Let $$A, B\subset \mathbb{R}$$ be compact. We show that $$A\times B$$ the product space is sequentially compact in $$\mathbb{R}^2$$. Consider any sequence $$((a_i, b_i))_{i \in \mathbb{N}}$$. The projected sequence $$(a_i)_{i\in\mathbb{N}}$$ has a convergent subsequence because $$A$$ is a compact set, so call it $$(a_{i_k})_{k\in\mathbb{N}}$$. Now we have a subsequence $$((a_{i_k}, b_{i_k}))_{k\in\mathbb{N}}$$, the next step is to project its second coordinate, so we consider the sequence $$(b_{i_k})_{k\in\mathbb{N}}$$ in $$B$$. Now because $$B$$ is compact, $$(b_{i_k})_{k\in\mathbb{N}}$$ has a further convergent subsequence $$(b_{i_{k_l}})_{l\in\mathbb{N}}$$. Finally we can see that $$((a_{i_{k_l}}, b_{i_{k_l}}))_{l\in\mathbb{N}}$$ is a convergent subsequence of $$A\times B$$. $$\square$$

## Question 2

Fix $$x\in X$$, we have $$d(x,A) := \inf_{y\in A} d(x,y)$$. Either we already have $$y^*\in A$$ such that $$d(x,A) = d(x,y^*)$$ in which case we are done, or we have a sequence of points $$(y_n)_{n\in\mathbb{N}}$$ such that $$\lim_{n\to\infty} d(x,y_n) = d(x, A)$$. By compactness of $$A$$, we find a subsequence $$n_1 < n_2 < \dots$$ such that $$y_{n_k} \to y^*$$ for some $$y^*\in A$$. Claim is that $$d(x,y^*) = d(x, A)$$. Note that because $$y^*\in A$$, it is already established that $$d(x,y^*) \geq d(x,A)$$. For each $$k\in\mathbb{N}$$, by triangle inequality $d(x,y^*) \leq d(x, y_{n_k}) + d(y_{n_k}, y^*)$ taking limit as $$k\to\infty$$ we obtain $d(x,y^*) \leq d(x, A) + 0$ which shows that $$d(x,y^*) = d(x, A)$$.$$\square$$

## Question 3

Let $$A,B \in \mathcal{H}(X)$$ and we can define the Hausdorff distance as $d_H(A,B) := \max{\left\{ \sup_{x\in A} d(x,B), \sup_{y\in B} d(y,A) \right\}}.$

By reading off the definition we can see that it’s symmetric, so $$d_H(A,B) = d_H(B,A)$$.

The property that $$d_H(A,B)\geq 0$$ is inherited from that of $$d(-,-)$$.

Now we show $$A = B$$ iff $$d_H(A,B) = 0$$. Suppose $$A = B$$, then it is easy to see that for any $$x\in A$$ $$d(x,A) = \inf_{y\in A} d(x,y) = d(x,x) = 0$$. This means $$d_H(A,B) = \max{\left\{ 0,0 \right\}} = 0$$. Conversely assume $$d_H(A,B) = 0$$. By positiveness of $$d(-,-)$$, we have $\sup_{x\in A} d(x,B) = \sup_{y\in B} d(y, A) = 0$ again using positiveness we can deduce that $\forall x\in A.~ d(x,B) = 0 \text{ and } \forall y\in B.~ d(y,A) = 0.$ Now we have enough results to prove the equality.
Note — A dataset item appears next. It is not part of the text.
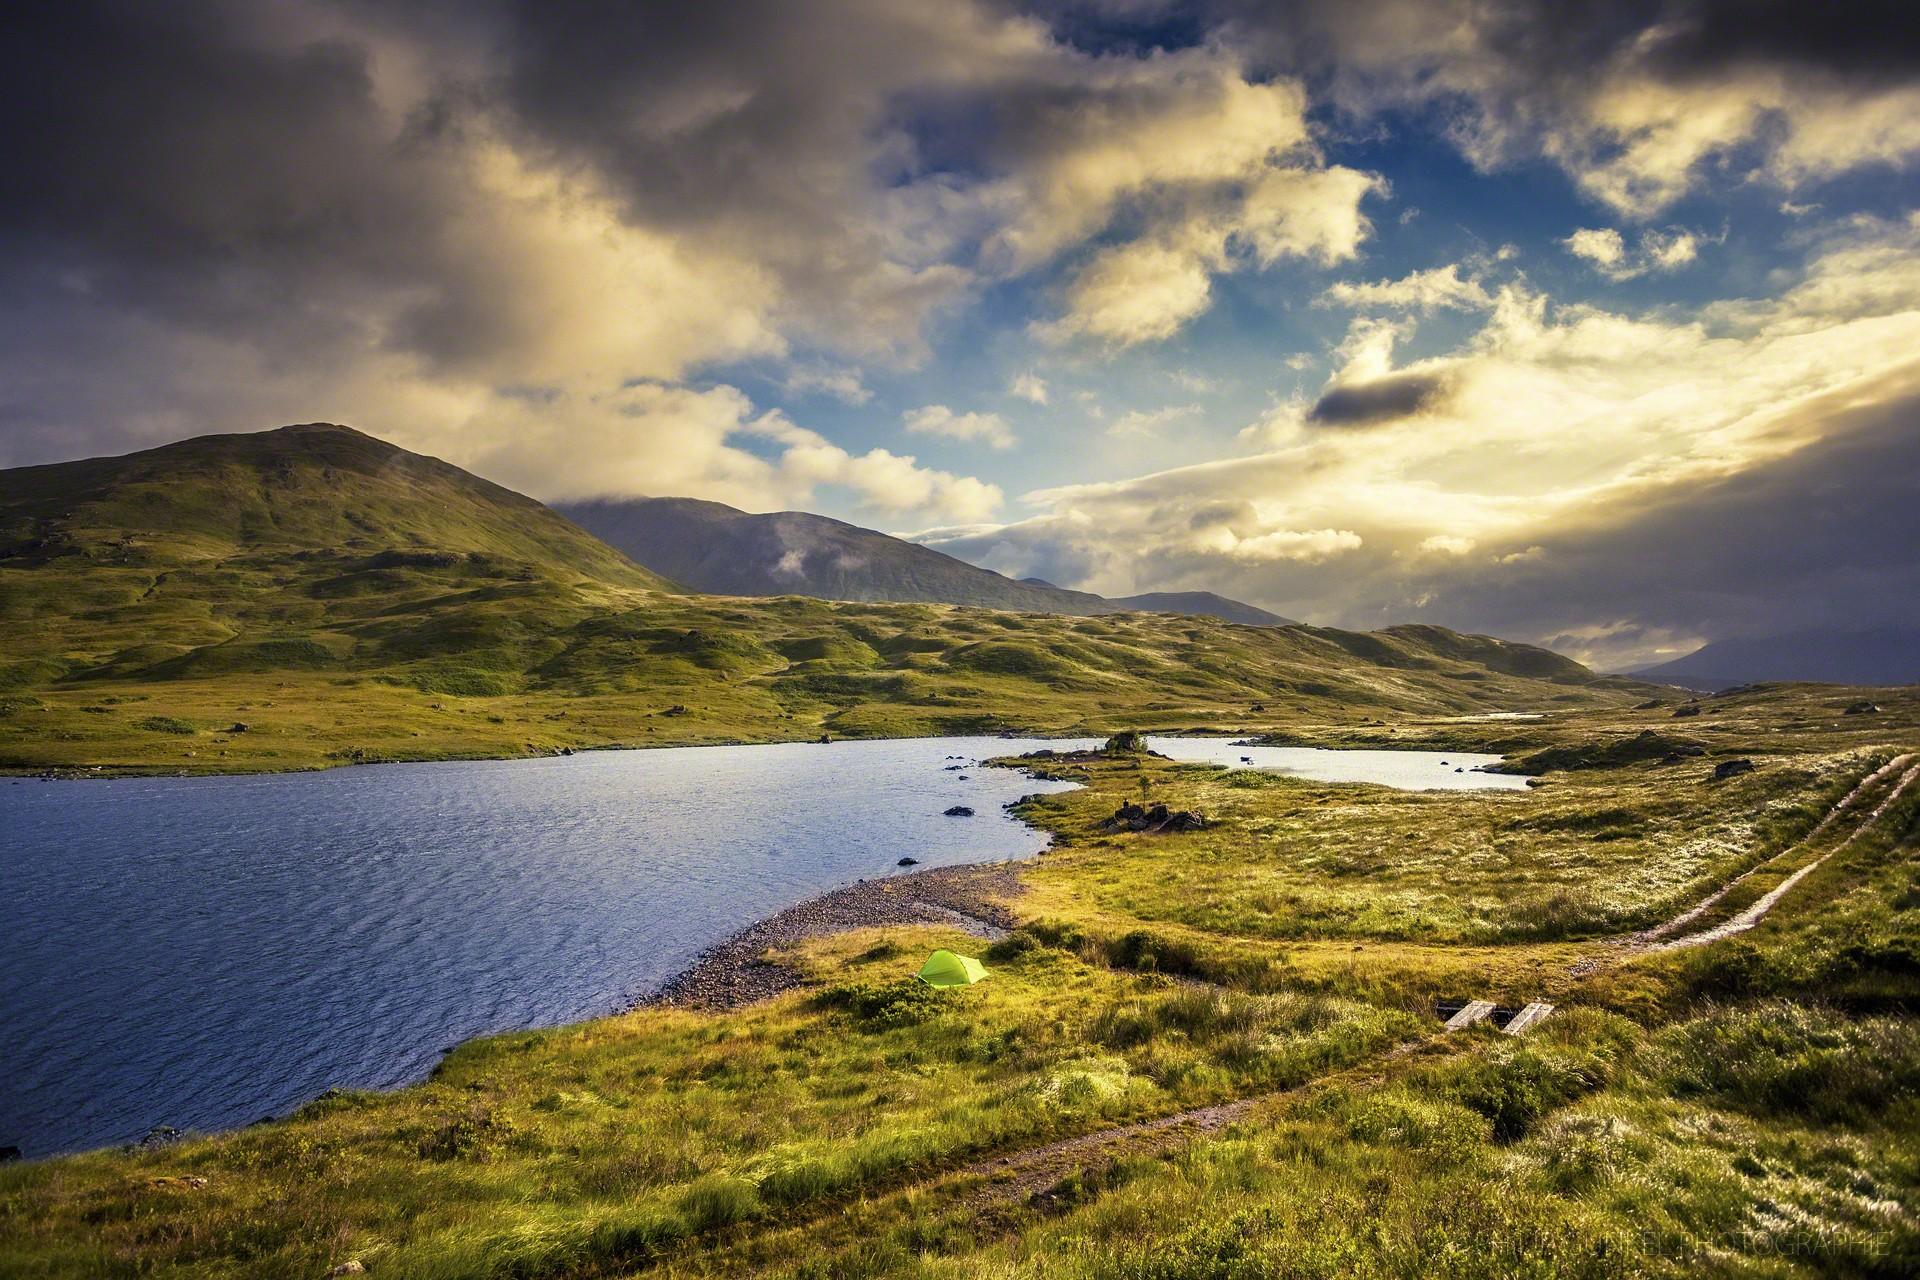 scotland_philip_gunkel_photographie_www.philipgunkel.de30

Let $$x\in A$$, then $$d(x,B) = \inf_{y\in B} d(x,y) = 0$$. Use Q2 to get existence of $$y^* \in B$$ such that $$d(x,y^*) = 0$$. By definiteness of $$d(-,-)$$ we have $$x = y^*$$ which shows $$x\in B$$. Therefore $$A\subset B$$. The proof of the reverse containment is the same, so $$A = B$$.

Note that this property breaks down if $$A$$ or $$B$$ is not compact. Let $$A$$ be the open unit ball in $$R^k$$ and $$B$$ be the closure of $$A$$. We have for any $$x\in A$$, $$d(x, B) = 0$$ because $$A\subset B$$. Also for any $$x\in B$$, $$d(x, A) = \inf_{y\in B} d(x,y) = 0$$ in both cases where $$x\in A$$ and $$x$$ is a limit point of $$A$$. Then in this example $$d_H(A,B) = 0$$ but by construction $$A \ne B$$.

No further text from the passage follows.